The analysis also needs to decouple ${N}$ from the ${b_i}$—originally there was a dependence which only enabled Goldston, Pintz, and Yíldírím to prove cases where the gaps grow relatively slowly. Andrew’s survey goes far into details of how the sum ${S = \sum w_k t_k}$ and its use of the ${\ell(\cdot)}$ function must be expanded into further sums using arithmetic progressions and the Möbius function in order for techniques of analysis to attack it. The need for estimation heightens the cancellation problem, which he emphasizes throughout his article. The issue is, as he states, of central importance in number theory:

The two sums … are not easy to evaluate: The use of the Möbius function leads to many terms being positive, and many negative, so that there is a lot of cancellation. There are several techniques in analytic number theory that allow one to get accurate estimates for such sums, two more analytic and the other more combinatorial. We will discuss them all.

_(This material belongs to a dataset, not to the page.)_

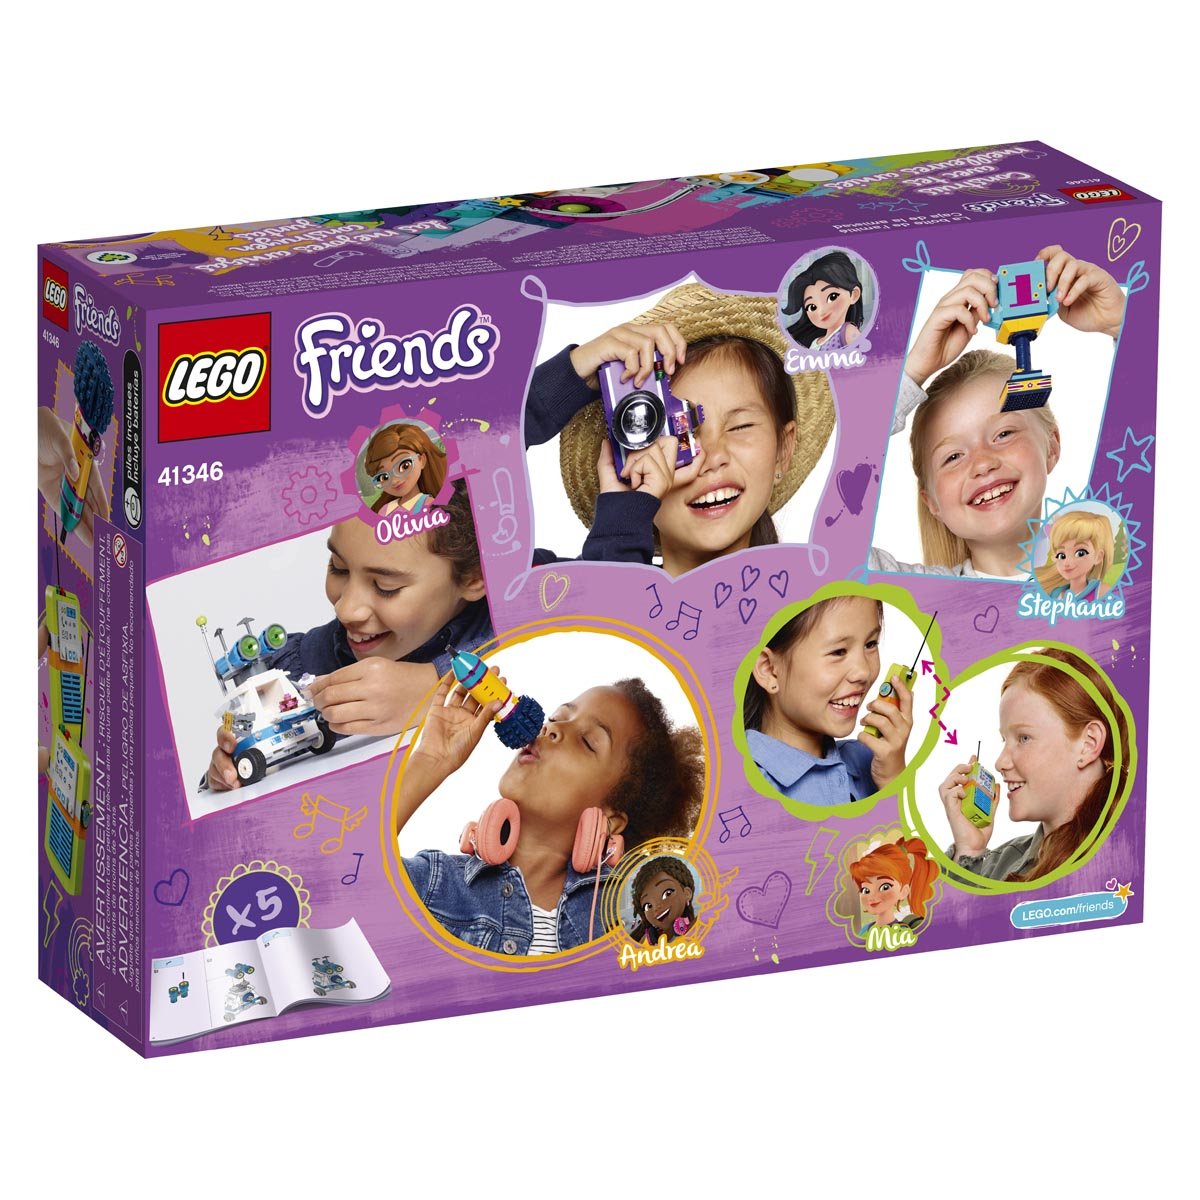 Friends Friendship Box Lego

As usual see his lovely article for further details. Our hope is that they could one day be used to help us with our cancellation problems.

## Tricks

I thought that we might look at two other strategies that can be used in complexity theory, and that might have some more general applications.

${\bullet }$ Volume trick

Ben Cousins and Santosh Vempala recently wrote an intricate paper involving integrals that compute volumes. At its heart however is a simple idea. This is represent a volume ${V}$ in the form

$\displaystyle V = \frac{A_{1}}{A_{2}} \cdot \frac{A_{2}}{A_{3}} \cdots \frac{A_{m-1}}{A_{m}},$

where ${A_m}$ is the hard quantity that we really want to compute. The trick is to select the other ${A_{i}}$‘s in a clever way so that each ratio is not hard to approximate. Yet the cancellation yields that

$\displaystyle V = A_{1} / A_{m}.$

If ${A_{1}}$ is simple, and if we have another way to estimate ${V}$, then we get an approximation for the hard to compute ${A_{m}}$.

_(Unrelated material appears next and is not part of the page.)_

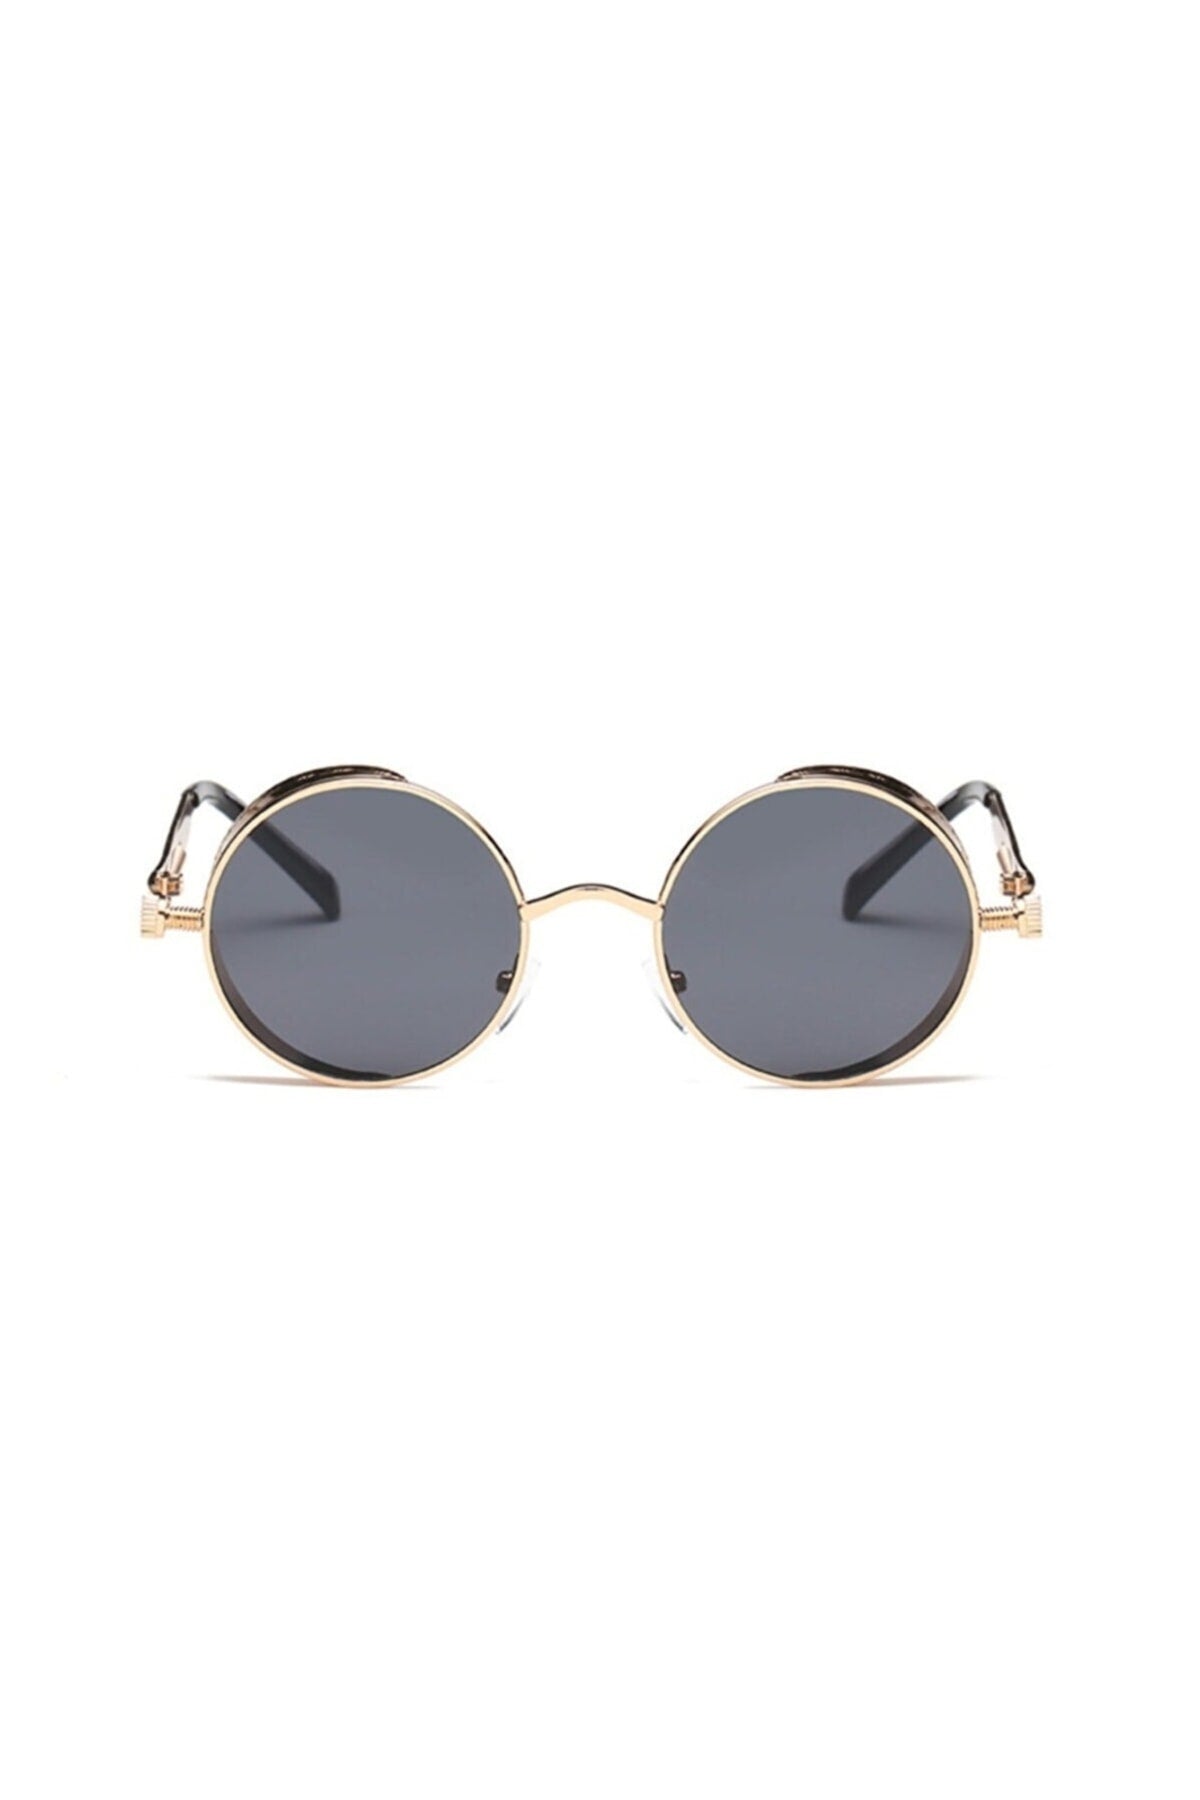 Vintage Steampunk Gothic Style Round Sunglasses

${\bullet }$ Sampling trick

Let ${S = \sum_{k} a_{k}}$ and ${R = \sum_{k} a_{k}r(k) }$ where ${r(k)}$ is a random function with expectation ${p>0}$. Then we know that ${S}$ is equal to ${E[R]/p}$. Note that this does not need the values ${r(k)}$ to be independent.

Can we use this idea to actually compute a tough sum? The sums we have in mind are inner products

$\displaystyle \langle X,Y \rangle = \sum_k \bar{x}_k y_k,$

where the vectors ${X}$ and ${Y}$ are exponentially long but have useful properties. They might be succinct or might carry a promised condition such as we discussed in connection with an identity proved by Joseph Lagrange.

Both cases arise in problems of simulating quantum computations. Our hope is that the regularities in these cases enable one to restrict the ways in which cancellations can occur. A clever choice of dependence in the ${r(k)}$ values then might interact with these restrictions. Well, at this point it is just an idea. Surveying things that boil down to this kind of idea could be another post, but for now we can invite you the readers to comment on your favorite examples.

## Open Problems

Can we delineate methods for dealing with cancellations, also when we don’t need to estimate a sum closely but only prove it is positive?

[fixed omission of NP-oracle for Stockmeyer randomized counting]

1. August 28, 2015 1:20 am

No need to bitch about, “some” SATs are linearly satisfiable, not only 2-SAT but also all renamable-Horn; http://citeseerx.ist.psu.edu/viewdoc/summary?doi=10.1.1.36.1930

• August 31, 2015 11:29 am

Thanks very much—thinking backward from the mentioned result with Dick, I forgot about the NP-oracle condition. We’re still not sure of exactly how best to put it.